It is not the first time that I stumble upon the affirmation that spin and the $S^2$ value, under DFT, has no "real physical meaning". Why?
If that is true, why are we using it all the time with UKS?
$\begingroup$
$\endgroup$
Add a comment
|
1 Answer
$\begingroup$
$\endgroup$
The Kohn-Sham wavefunction is the wavefunction of a hypothetical system where:
(1) there is no interaction between the electrons,
(2) the electrons are subject to a repulsive potential (the Hartree-exchange-correlation potential) in addition to the nuclear attraction potential, and
(3) the effect of (2) effectively counterbalances the effect of (1), in the sense that the total electronic density of the hypothetical system is exactly the same with the density of the corresponding real electronic system. Usually we are talking about spin density functional theory, which not only requires the total density to be equal, but also that the alpha electronic density and the beta electronic density are both equal to their exact counterparts.
As we can see, there is no requirement that the $S^2$ value of the hypothetical system be the same as that of the real system. The corollary is that a spin-pure electronic state may correspond to a Kohn-Sham wavefunction that is spin-contaminated. And this does happen frequently, as can be shown from the following argument: imagine an exact electronic eigenstate whose $S=1/2$, and we plot its spin density. The spin density will have positive values in most parts of the space, but can adopt small negative values in certain regions (e.g. near atomic nuclei) due to spin polarization. A spin-adapted (restricted open-shell) Kohn-Sham determinant however can only give an everywhere non-negative spin density. This proves that the exact Kohn-Sham wavefunction must be spin-contaminated, so that a ROKS wavefunction is less theoretically justified than a UKS wavefunction.
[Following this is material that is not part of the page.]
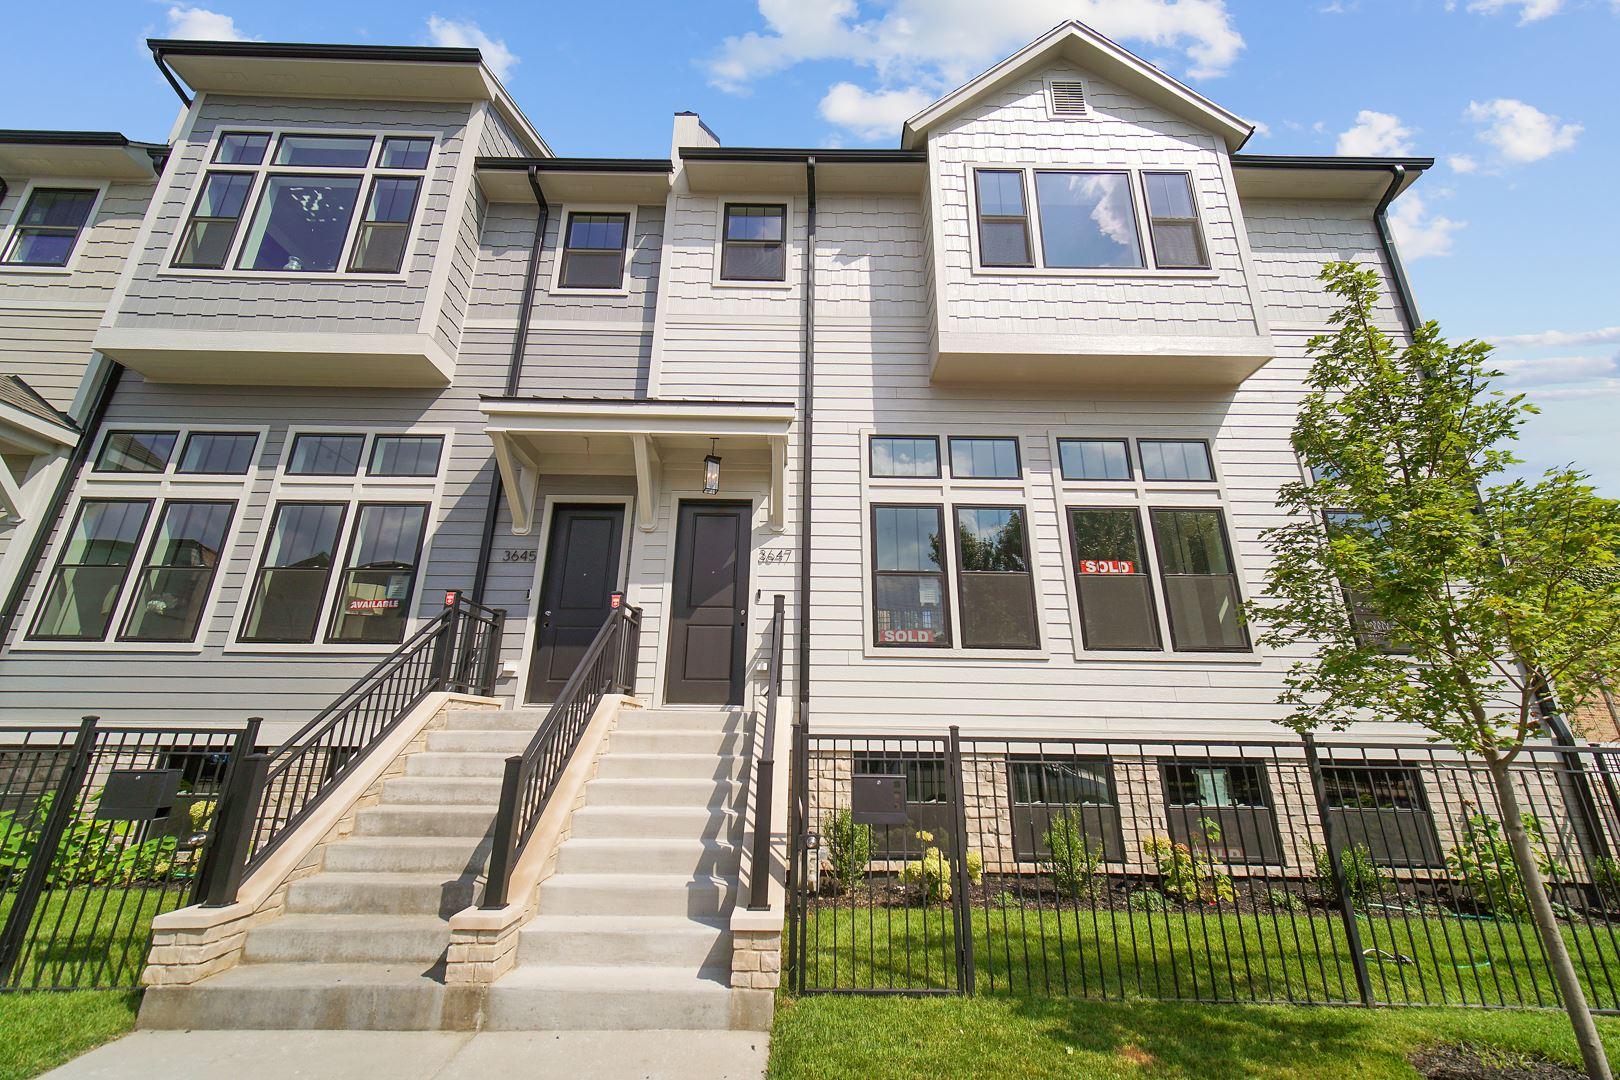 3645 S Calumet Avenue, Chicago, IL 60653 - #: 11242331

That being said, the $\langle S^2 \rangle$ value can still be used to characterize the reliability of a DFT calculation. This is because, while the exact DFT functional performs equally well (by definition, always exactly) for all electronic systems, essentially all approximate functionals only perform well when the exact wavefunction is mostly single-determinantal, and heuristically, the exact wavefunction is usually manifestly multi-determinantal when the corresponding Kohn-Sham wavefunction is heavily spin-contaminated. Thus, while the $\langle S^2 \rangle$ value in DFT is not rigorously tied to any physically observable quantity, one can still arrive at meaningful conclusions about the reliability of a DFT calculation using the $\langle S^2 \rangle$ value.